Fish and Wildlife Service agents are finding that the bladders often make their way to China via California. They found their first illegal bladder in a car coming across the Mexican border in 2013 — an astute agent had heard of the trade and recognized the bladder.
Later that year, agents seized another fish bladder from under the floor mats of another car at the border. They let the driver go but followed him. Dean says when agents raided his house, the scene inside was crazy. No furniture — just bladders. Everywhere.
"There were totoaba swim bladders placed all throughout the house," Dean says. "Giant fans blowing to dry out the bladders." Altogether, the 214 bladders that agents found in that house were worth $3.6 million.
Federal agents fear that with that kind of money at stake, the trade will get even bigger. "We absolutely have heard that cartels are involved in this trade," says Dean. "We've yet to nail that down."
Seven people have been prosecuted so far, she says. But fines and jail sentences issued so far have been relatively light.
Meanwhile, as more totoaba die for soup, more of the vaquita die with them. There are now only about 100 of these porpoises left on Earth, according Leigh Henry, a conservation policy adviser at the World Wildlife Fund. "It's the most endangered marine mammal," she says. "They are beautiful animals. They look like they have lipstick on and mascara."
The only place they're found is in the Gulf of California. Years ago, Mexico tried to protect the vaquita by putting large parts of its range off limits to fishing with gill nets. And the vaquita's numbers rebounded. Things were looking hopeful — until the totoaba trade took off.

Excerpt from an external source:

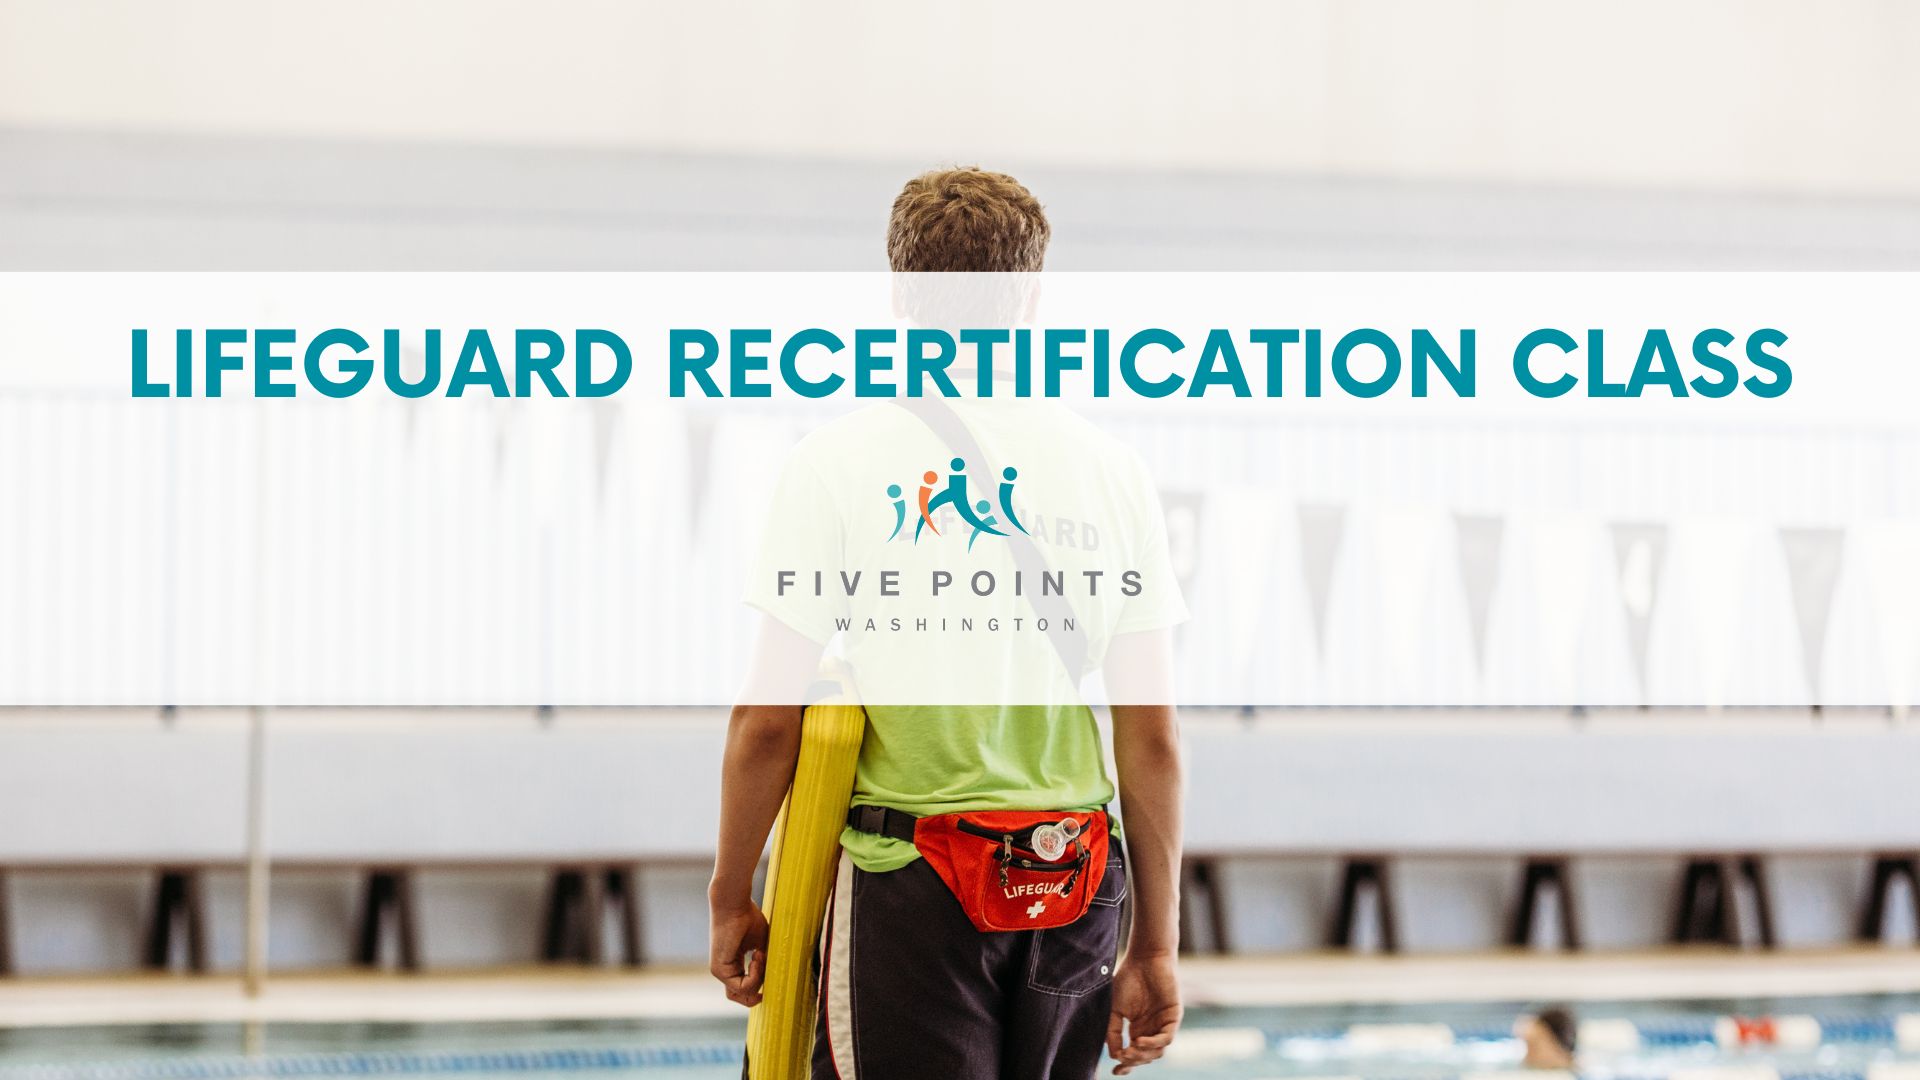 Lifeguard recertification class logo and illustration

Last month, this became an international issue. Government officials from the U.S., Mexico and China met in Geneva to talk about wildlife trade. It was the first time a lot of people had heard much about this new trade, says Laura Noguchi from the Fish and Wildlife Service, who was there. Mexican officials said China had a responsibility to track down bladder buyers. China said Mexico should crack down harder on illegal fishing.
Noguchi says the Chinese do appear to be taking the trade more seriously now. "They have looked at some of their dried seafood markets in Hong Kong," she says. "That's a hub apparently for the sale of this swim bladder."
But Chinese officials say they've yet to see much of a totoaba market in China. They also noted in a letter to officials who monitor wildlife trade under the Convention on International Trade in Endangered Species that it's hard to tell what's totoaba bladder and what might come from other, non-endangered fish.
Historically, fighting international wildlife trade takes a long time. And Leigh Henry of the WWF says that's especially true when it involves an animal that most people don't know about. "I want my kids to live in a world where vaquita continue to exist," she says. "My girls are 9 and 6. And they're probably two of the only people in the United States who know what a vaquita is. And they're concerned."
So is she. She says without an end to the trade, the vaquita could disappear by 2020.